Exercise details: Drop the pictures and repeat exactly from the "Dance Parade" line down to the last line of the entries below.

Records for this exercise:
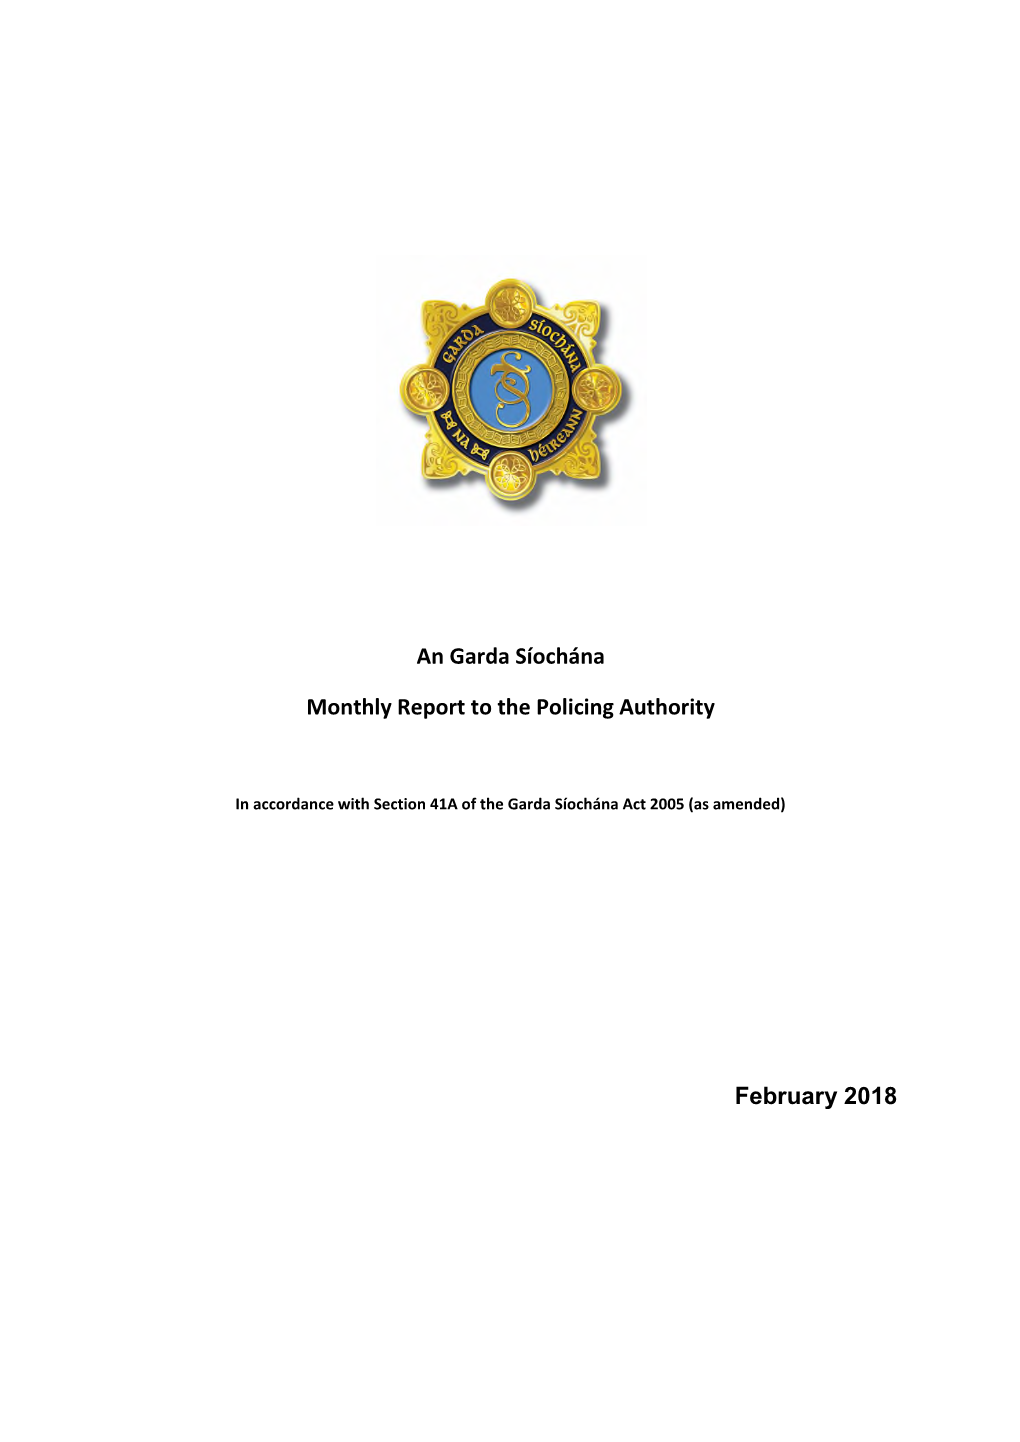 An Garda Síochána Monthly Report to the Policing Authority February 2018
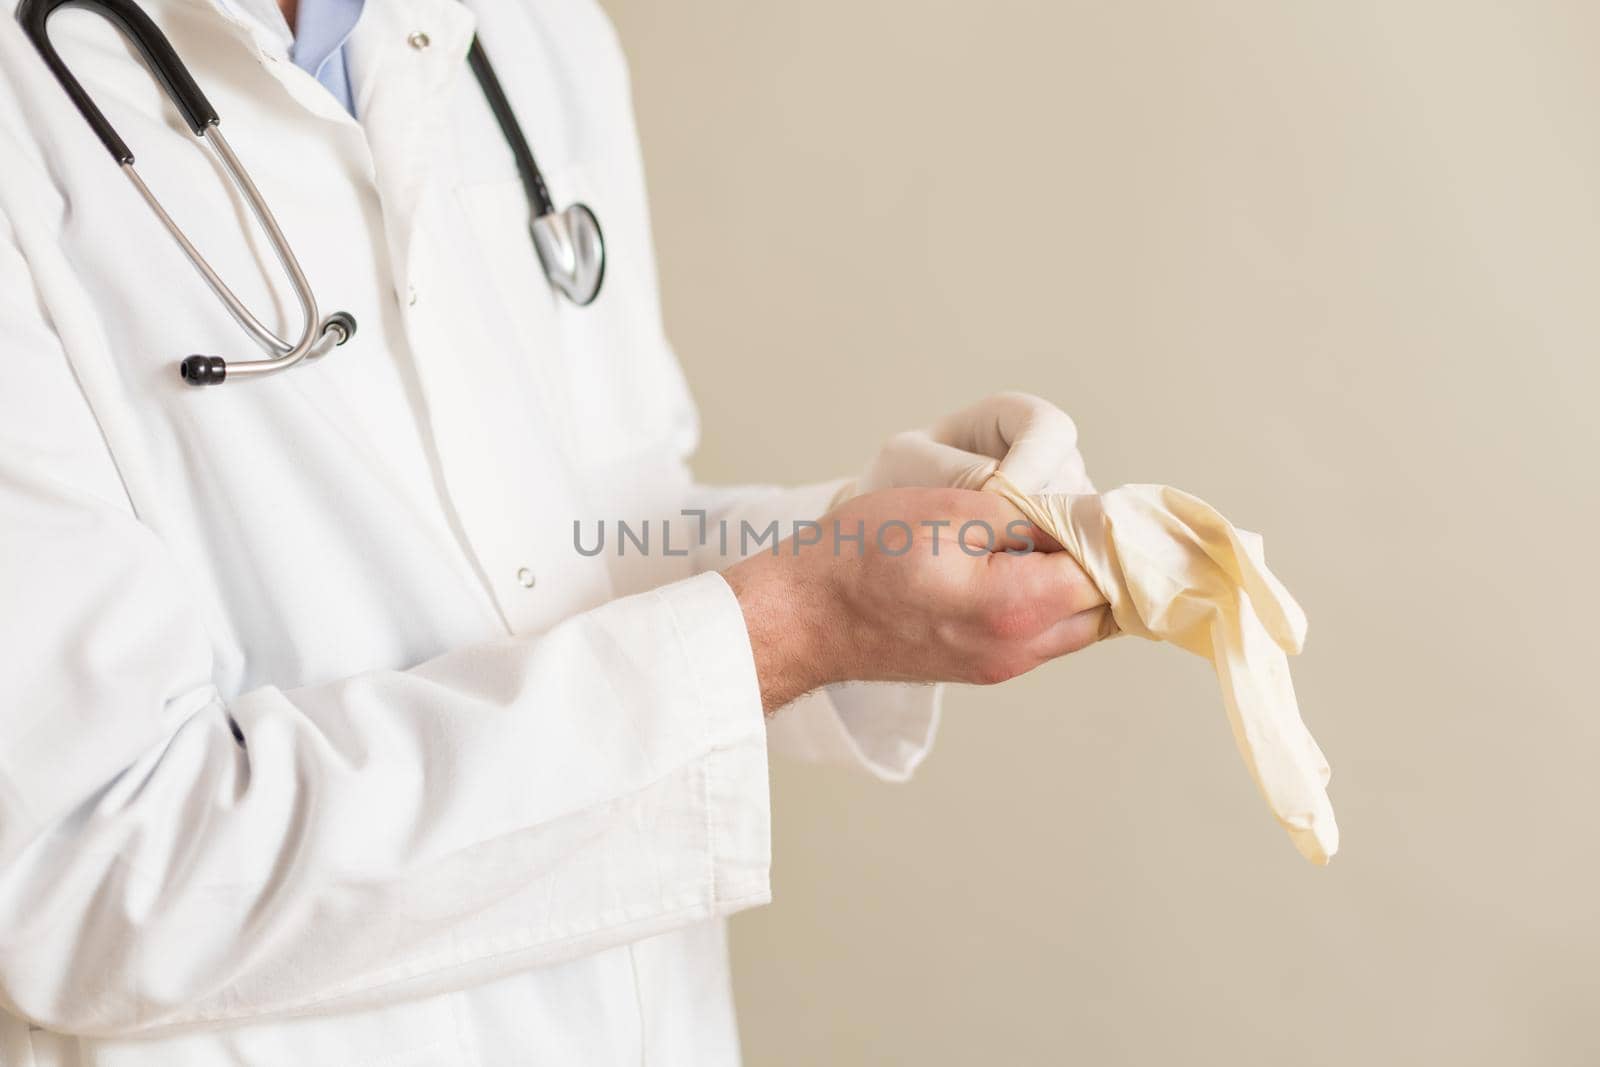 Male doctor putting on protective gloves by Bazdar
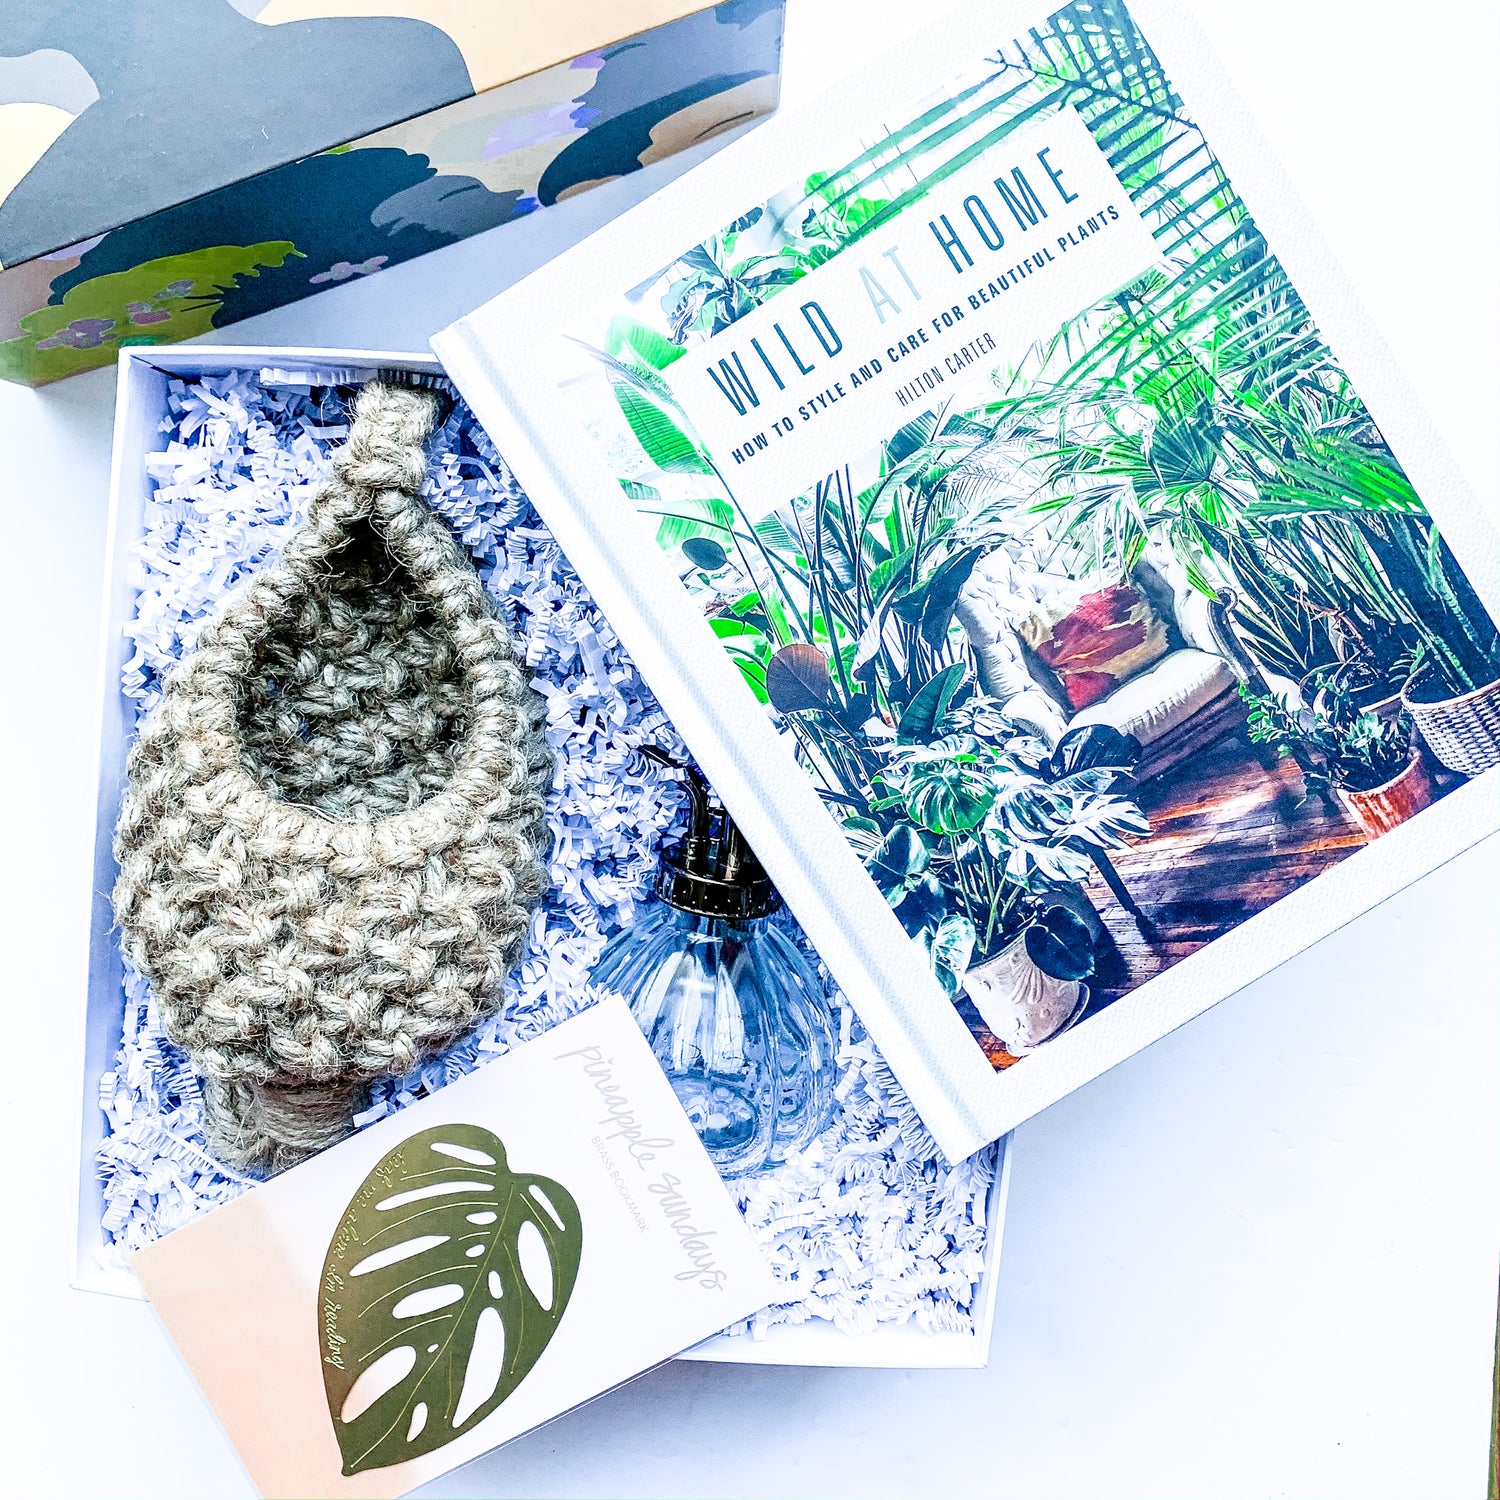 Gift box featuring a jute plant pod, for a small plant, a clear plant mister, a brass monstera bookmark, a book on how to style and care for your beautiful plants by Hilton Carter
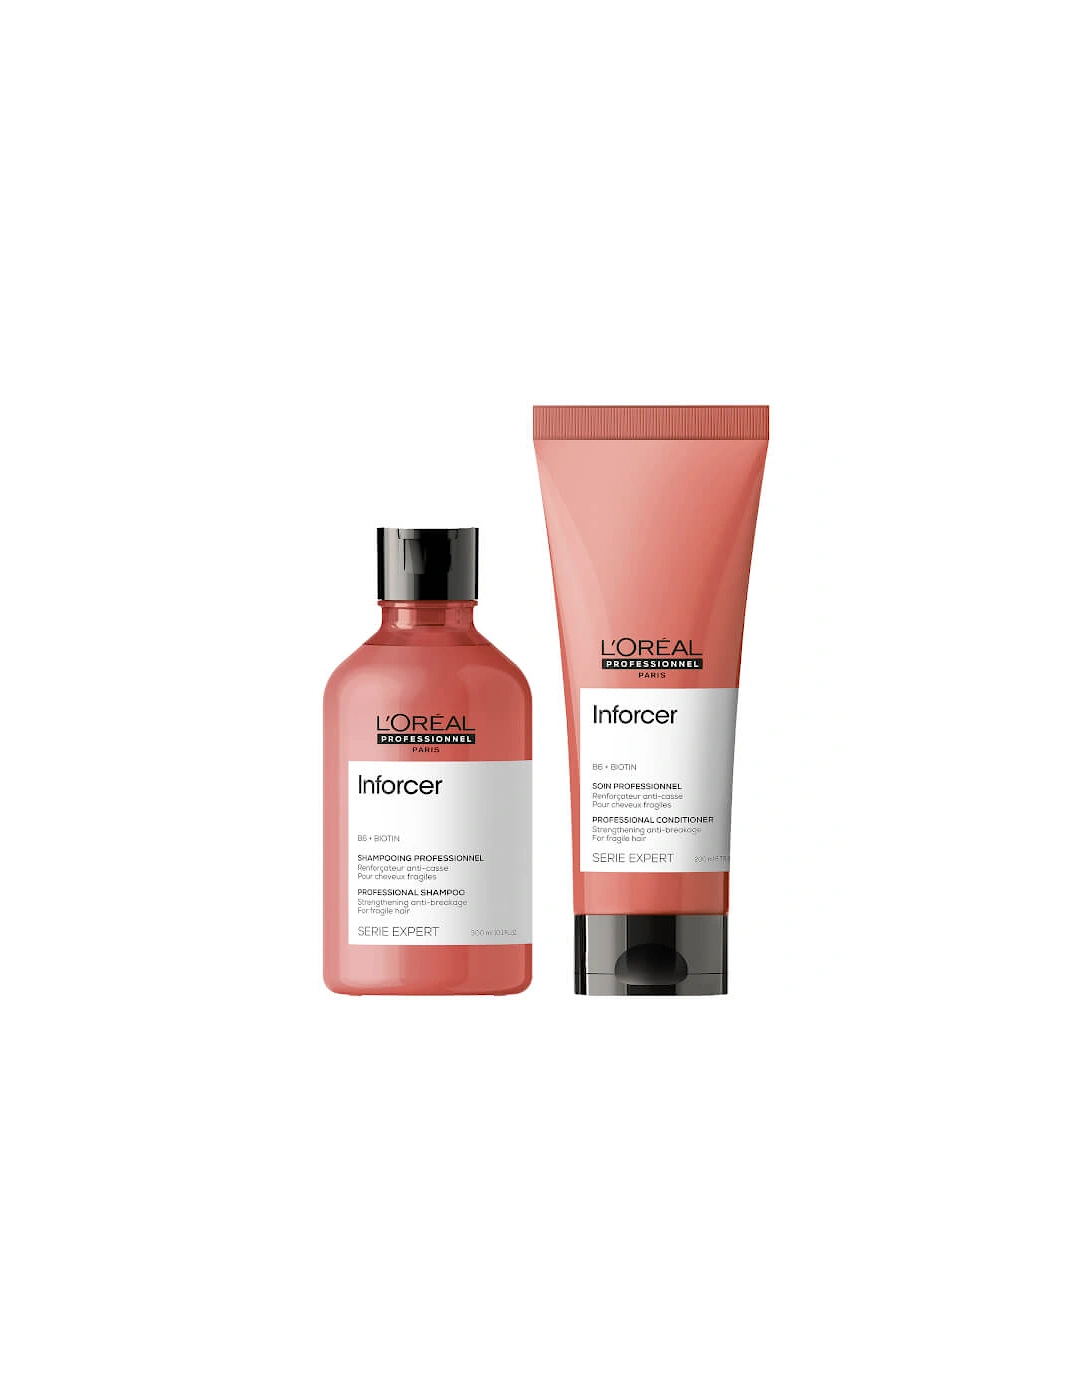 Professionnel Serie Expert Inforcer Shampoo and Conditioner Duo - Professionnel, 2 of 1
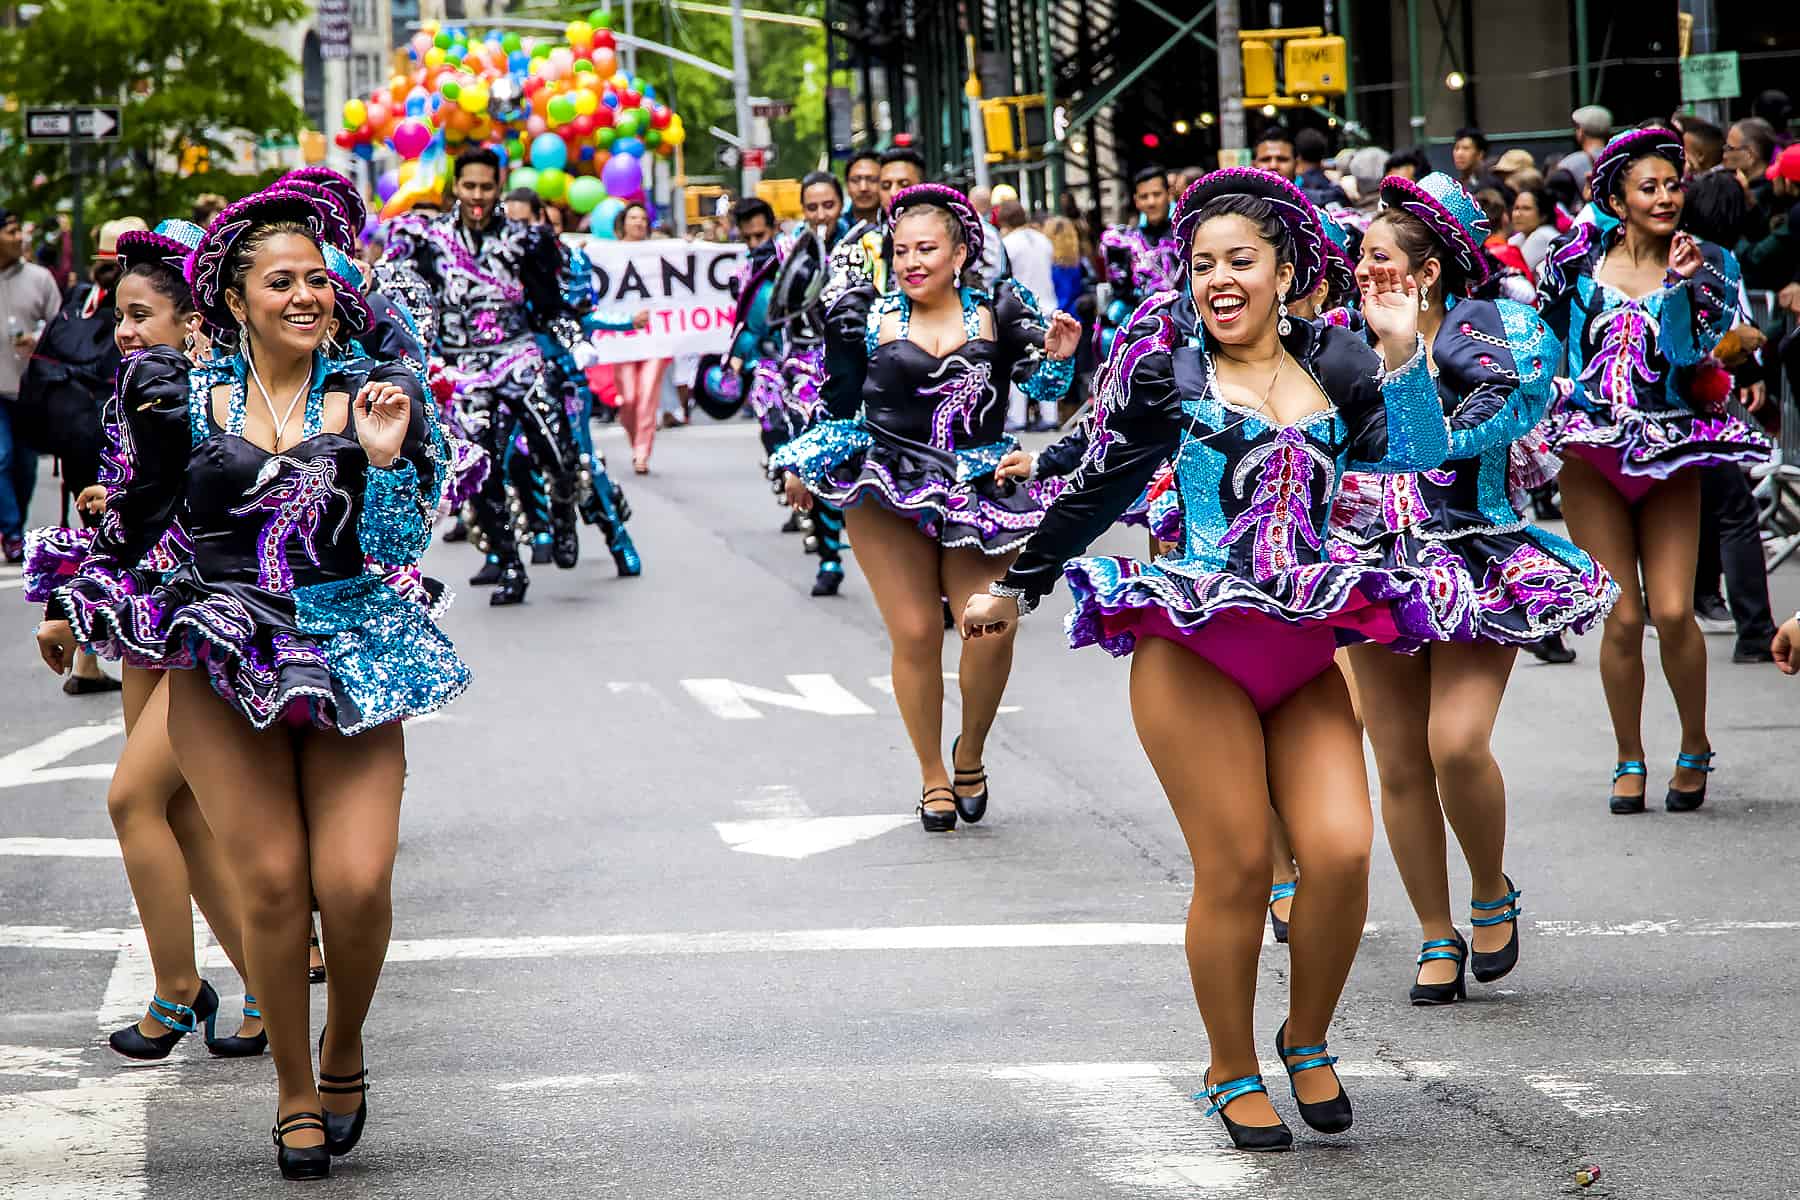 Dance Parade
best things to do in New York City in May

Written response:
 Dance Parade
best things to do in New York City in May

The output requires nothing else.